Springdale, Arkansas is closing a long-standing gap in Northwest Arkansas's regional trail network, using a $137,920 federal grant to build a shared-use path that will finally link the city to the trail system at Lake Fayetteville.
The new segment, called Deans Trail Phase IIIB, will connect the end of the existing Deans Trail at Don Tyson Parkway to the Fayetteville trail network to the south. It's a modest piece of infrastructure, but it effectively stitches Springdale into a regional system that stretches more than 100 paved miles through Bentonville, Rogers, and Fayetteville.
Springdale, with roughly 90,000 residents, is the fourth-largest city in Arkansas and one of the fastest-growing in the country. It is also the most diverse city in the Northwest Arkansas metro, with a large Hispanic and Latino population and significant Marshallese and Pacific Islander communities.
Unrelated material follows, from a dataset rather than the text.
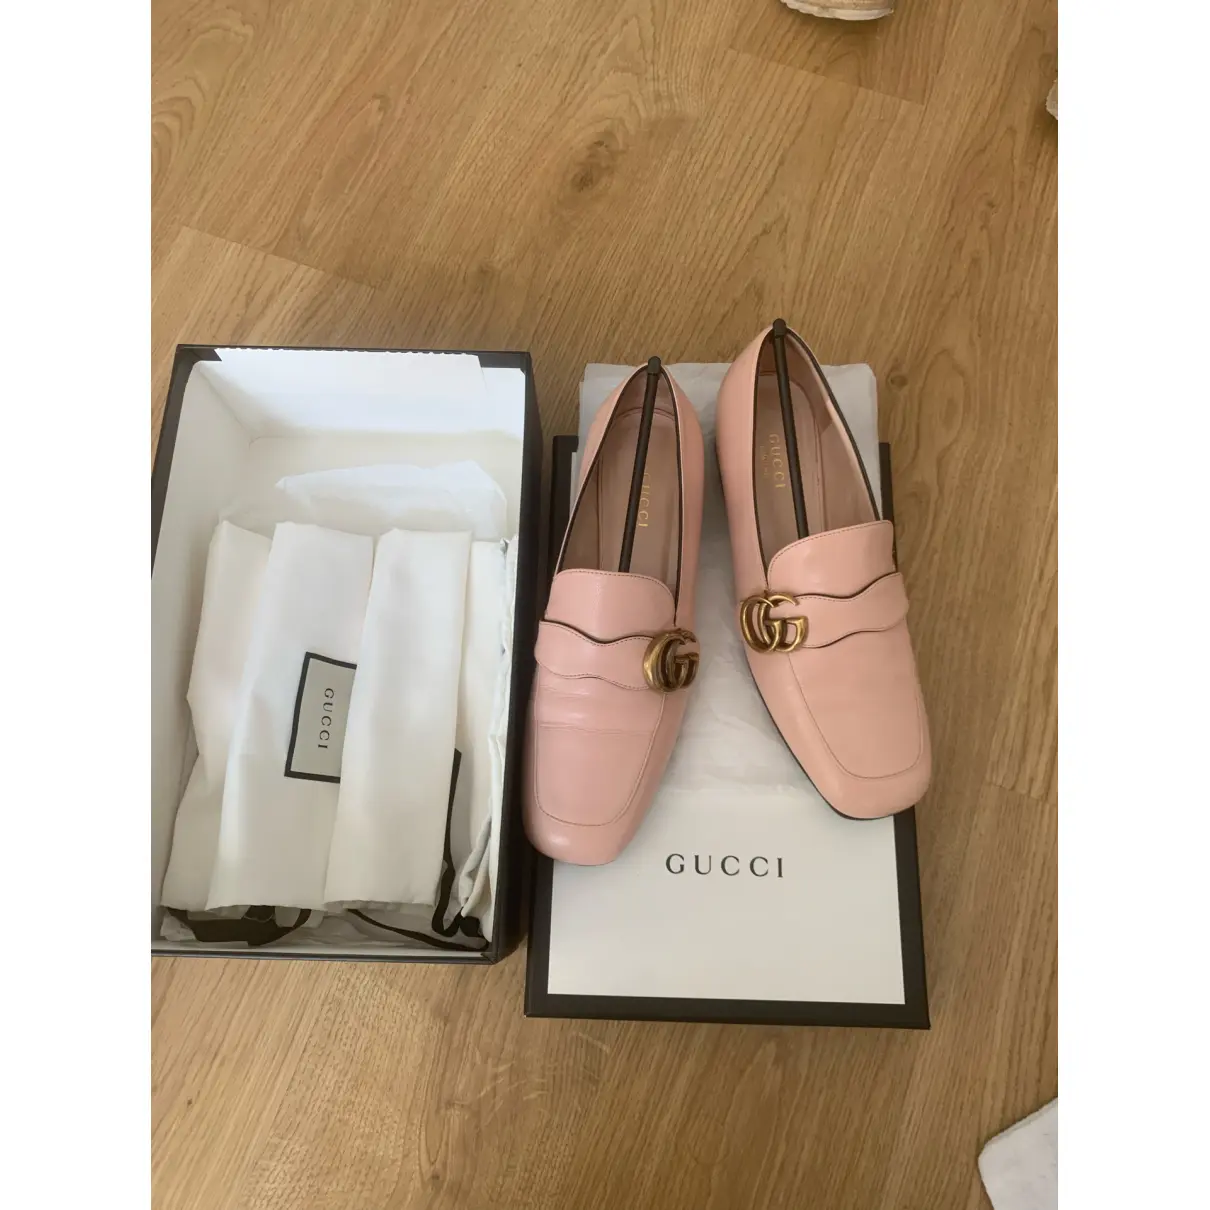 Buy Gucci Marmont leather flats online

These are residents who disproportionately walk, bike, and use transit to get around, and who have had the least access to the trail infrastructure that has become a point of regional pride.
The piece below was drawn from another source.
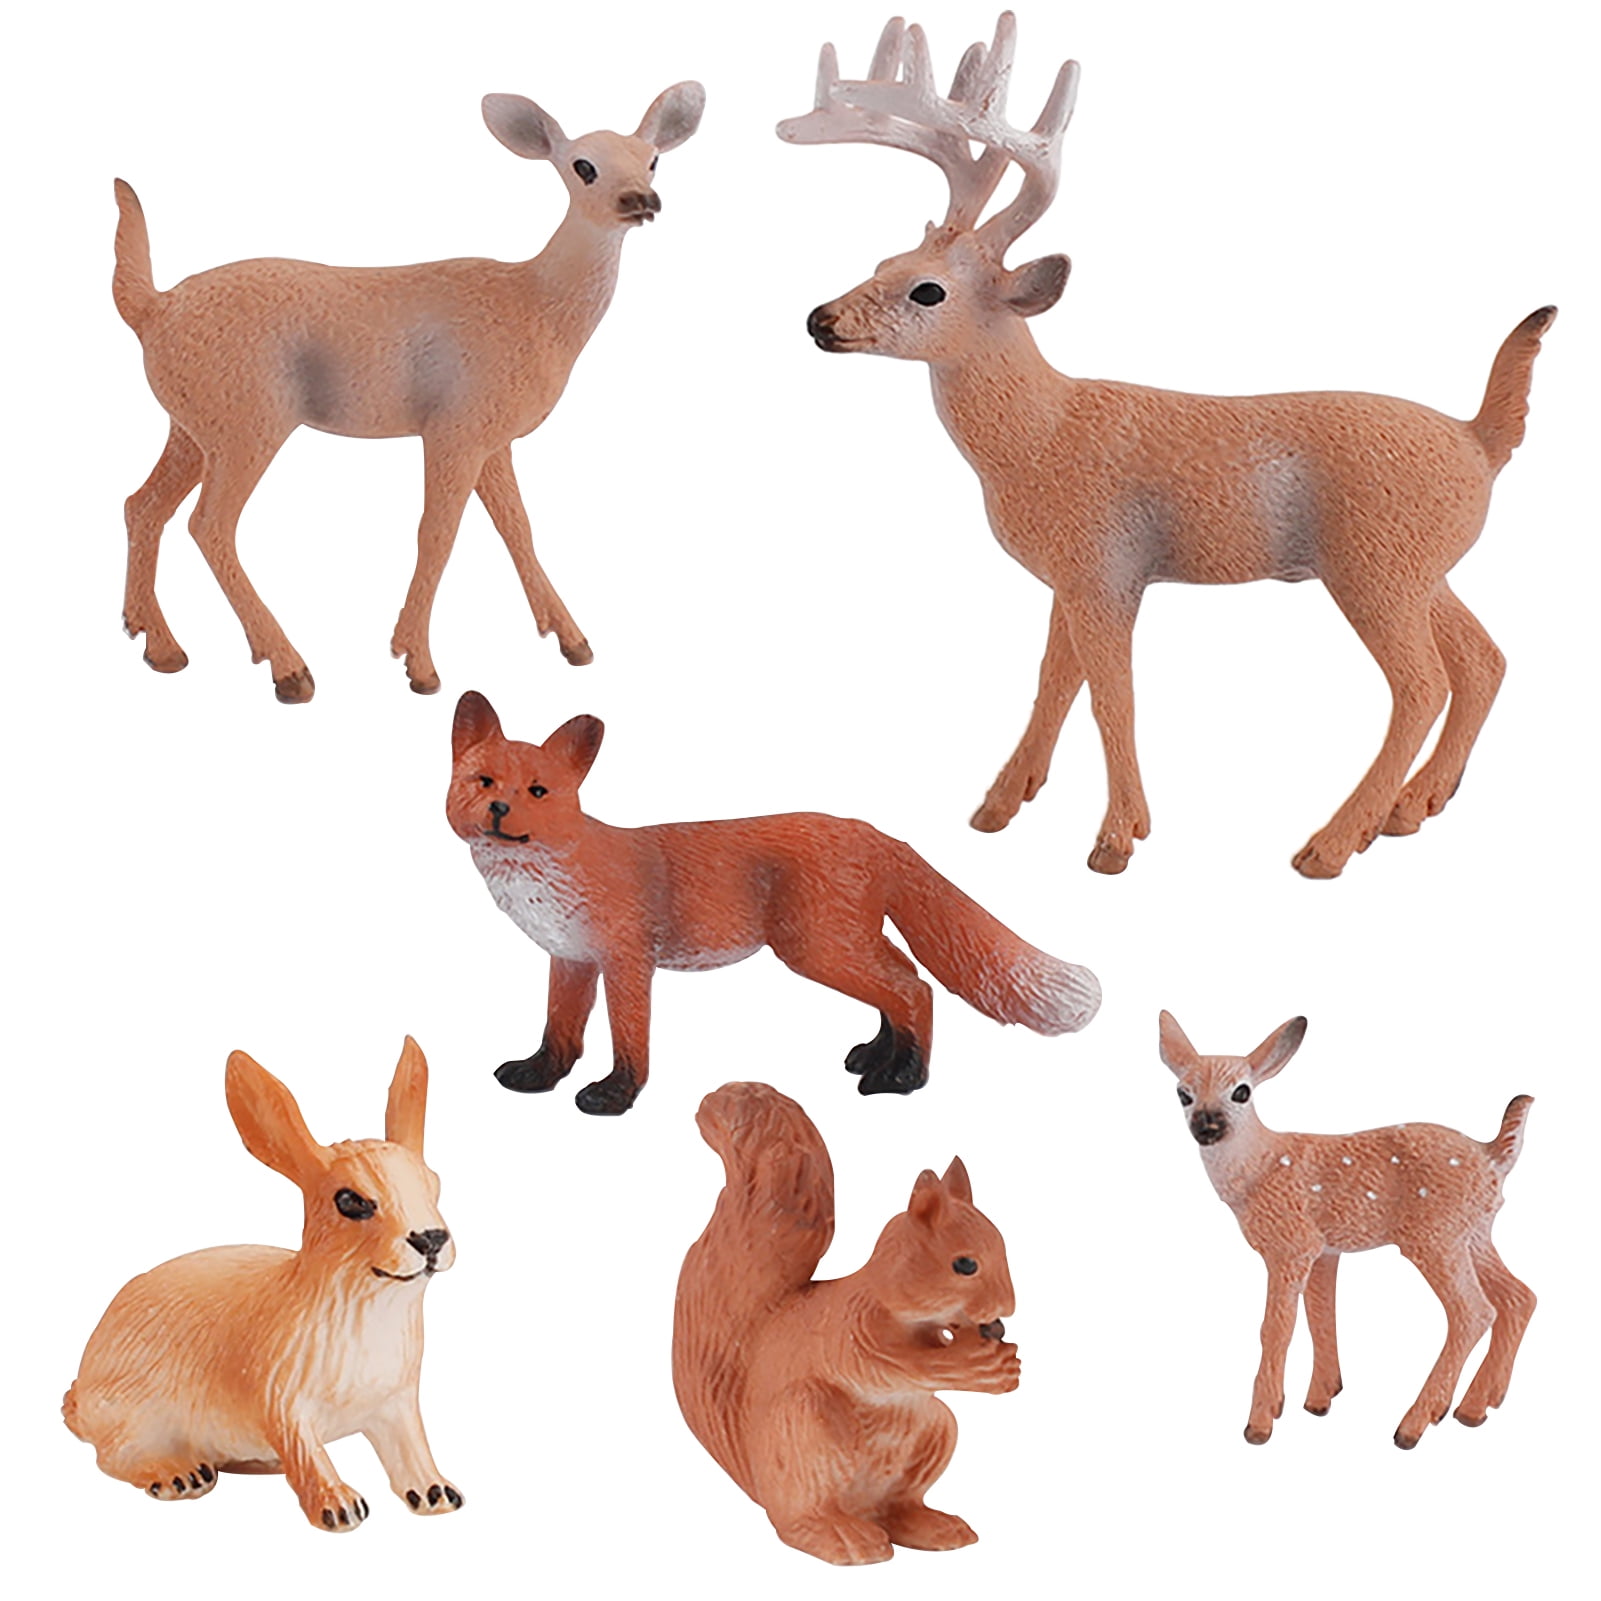 Playmobil Forest Wilderness Animal Tan Baby Deer Fawn

Northwest Arkansas's trail network, built incrementally over two decades with substantial backing from the Walton Family Foundation, has drawn national attention as a model for mid-sized metro trail development and is frequently credited with helping major employers like Walmart and Tyson Foods attract workers to the region. But Springdale, home to Tyson Foods' headquarters, has historically lagged behind its neighbors in trail connectivity. Don Tyson Parkway, a busy commercial corridor that has seen rapid development in recent years, was built for cars, and connecting pedestrians and cyclists safely across and along it has been a persistent challenge.
The funding comes from the federal Safe Streets and Roads for All program, created by the 2021 Bipartisan Infrastructure Law with $5 billion to reduce traffic deaths and serious injuries. Similar SS4A awards have supported pedestrian safety projects across the country, including in Chattahoochee, Florida and communities in Northwest Ohio. The program's future is uncertain under the current administration, which has signaled shifting infrastructure priorities, making already-awarded grants like this one more significant for communities counting on the funding.
The grant was posted in March 2026, pointing to construction activity later this year.